年間260万本生産している大手メーカーです。
なんといってもこの会社の一番のものは、年号の入った「クリスタル・ブリュット」。
自社の特級畑100%のいい年の葡萄のみを用いて造られています。
原料の葡萄はピノ・ノワール種とシャルドネ種がほぼ半々です。
個人的にはヴィンテージが入ってない、SA(Sans Annee、年号が表記されてない)の
「ブリュット・プルミエ」がとても気に入っています。
最低4ヴィンテージ(収穫年)の葡萄酒を用いて、4年もの壜熟成期間をとり出荷しています。
その割には、価格も手ごろで、味わい、香りとも、とてもしっかりしていて、余韻のとても長い葡萄酒です。

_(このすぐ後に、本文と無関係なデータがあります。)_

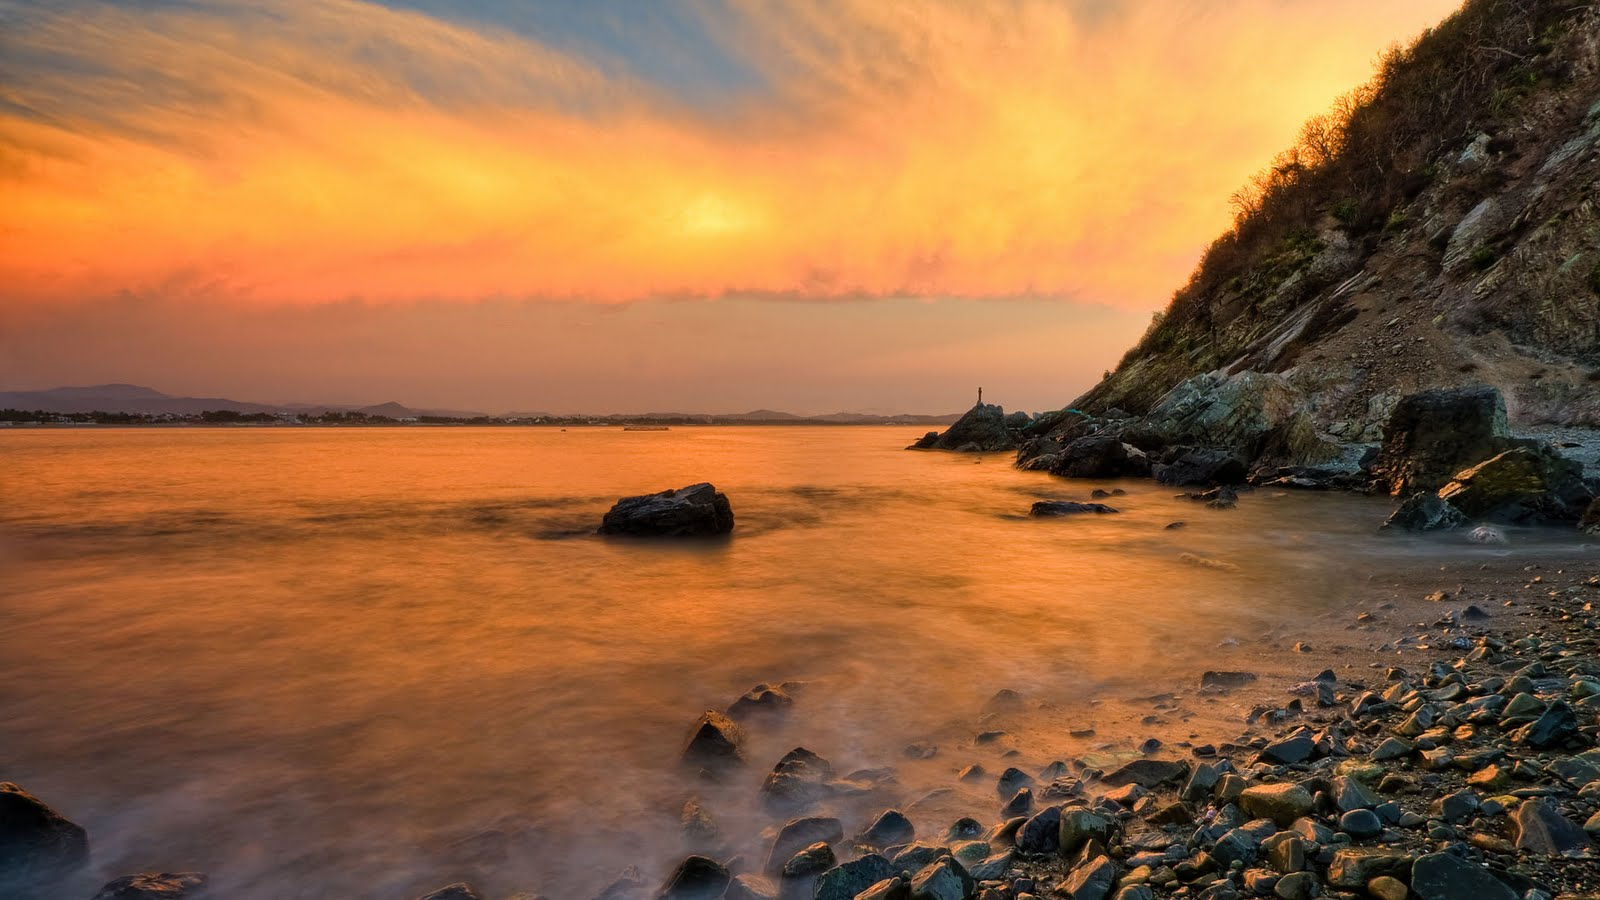 Jaspreet Rekhi: 20 Amazing Landscapes Full HD Wallpapers

泡も可憐で、いつまでもグラスから上品に立ち上っています。
そして何よりも「酔い」が素晴らしいです。
ニューヨークのあるレストランで、ウオール街が超活況のとき、
私のテーブルをよそに、この「クリスタル・ブリュット」を
ボーイさんが重々しく運んでいくシーンにお目にかかりました。
以前は「シャンパーニュ」といえば「ドンペリ」でしたが、
映画でもこの「クリスタル」が人気者です。
ただただ、羨望の眼差しで喉から手がでるだけでした。